Figure 2. Cross-covariance among discontinuous time series.

(A) x₁ and x₂ are two surrogate time series. An example temporal mask shows censored time points in red (zeros). Although x₁ and x₂ share a temporal mask at zero-lag, computing cross-covariance requires that the time series be shifted with respect to one another, and with them, their associated temporal masks. Several shifts of the temporal masks are shown. To compute covariance at a given CCF lag, Δ, one could use all pairs of valid frames that align at that lag (all frames in black). This approach maximizes data usage but results in a substantially different number of samples (N) at each shift. Alternatively, one could restrict the minimum size of a block of non-censored data at zero-lag such that each block contributes at least one sample to every CCF lag (dark green).

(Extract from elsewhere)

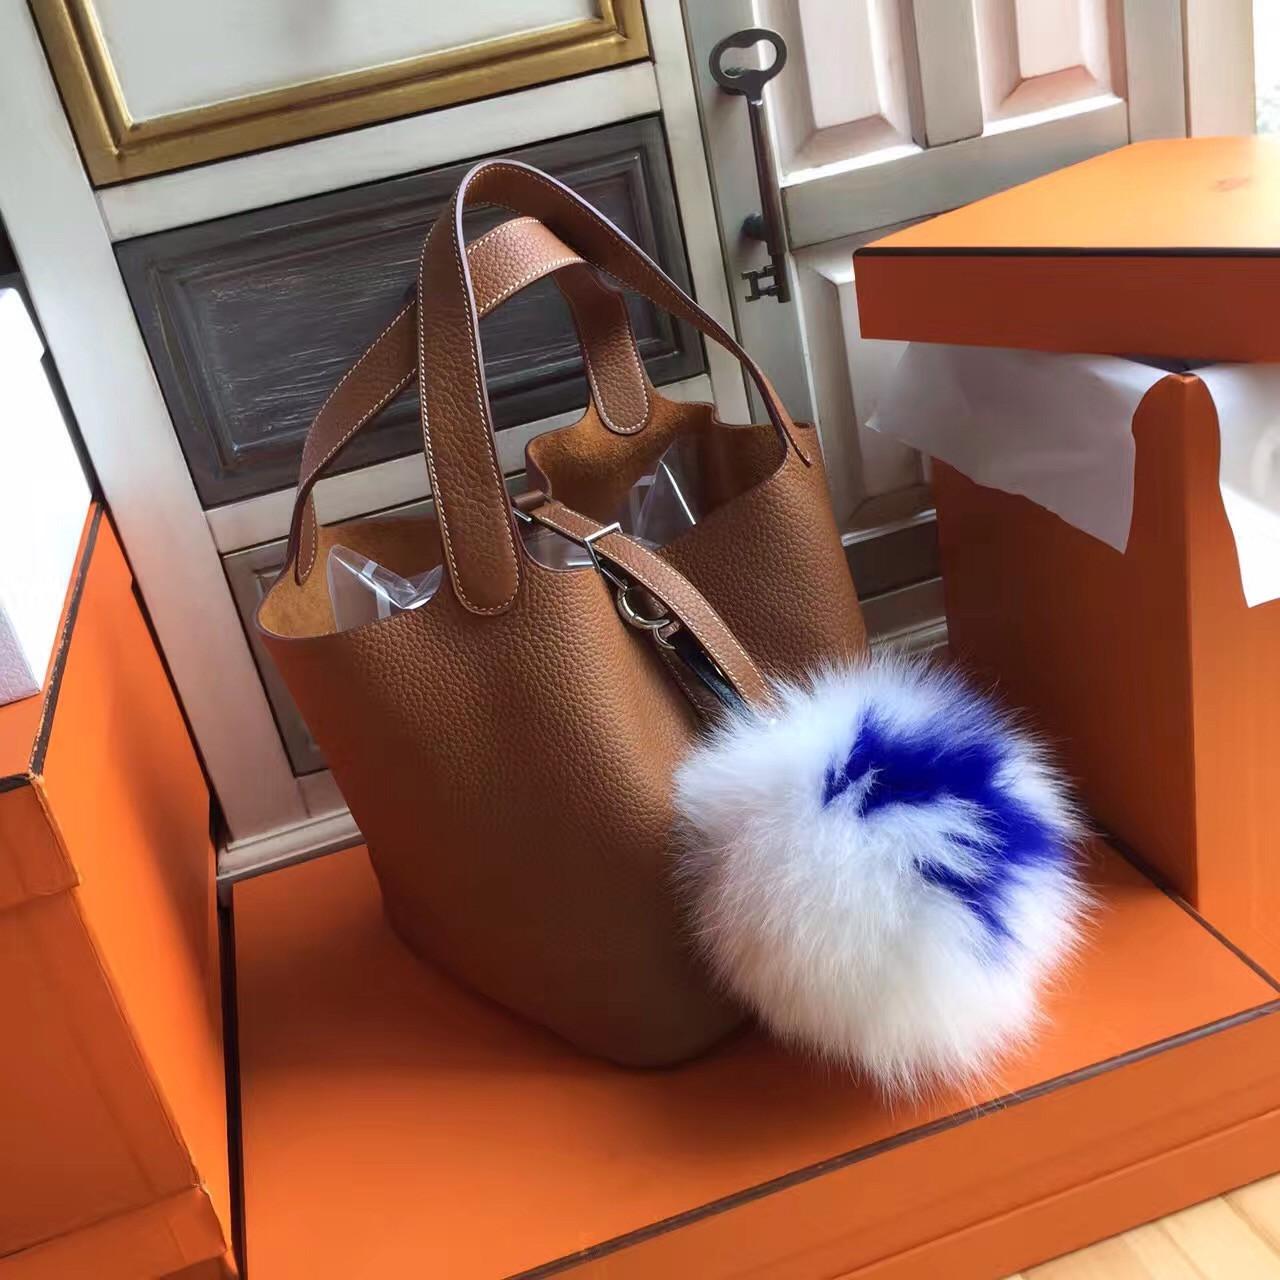 443053daa29a Hermes Gold Picotin Lock MM Togo Leather Bag - Bella Vita Moda
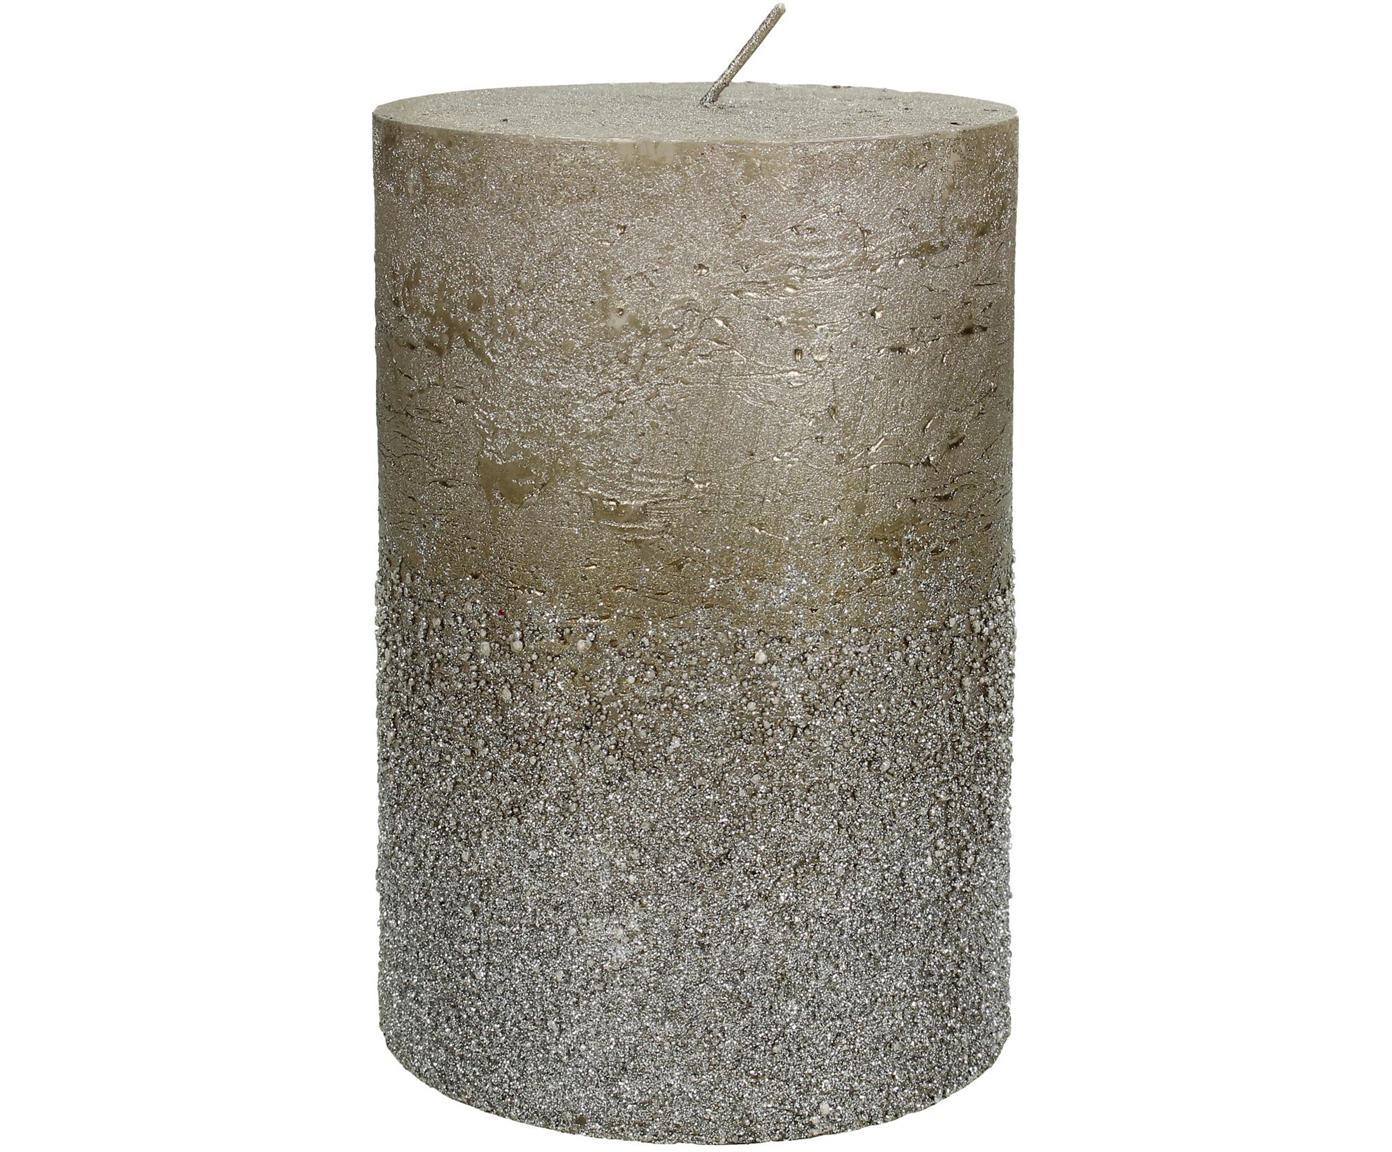 Candela pilastro Glitters, Cera, Grigio, Ø 10 x Alt. 15 cm

The minimum allowable block duration satisfying this requirement, is equal to the total number of lags (i.e.,Δ_max + 1 = 4 frames). This approach would limit (but not eliminate) uneven samples, at the cost of using less data. Note the symmetry of positive and negative CCF lags. Finally, a restriction may be imposed such that an equal number of samples contribute to each CCF lag, although this leads to still further data loss (light green). (B) CCFs for two surrogate time series, modeled at r = 0.9 and τ = 1 s, following censoring with a real temporal mask from a moderate-motion scan (MSC10 session 1). The black and pink CCFs represent the unbiased and biased CCF estimators, respectively. Note the triangular bias in the pink CCF, resulting in a τ value much lower than the true delay. Although the black CCF is quite accurate in this case, the unbiased estimator leads to $\widehat{\tau }$ values that have comparatively higher variance and may often exceed the true delay.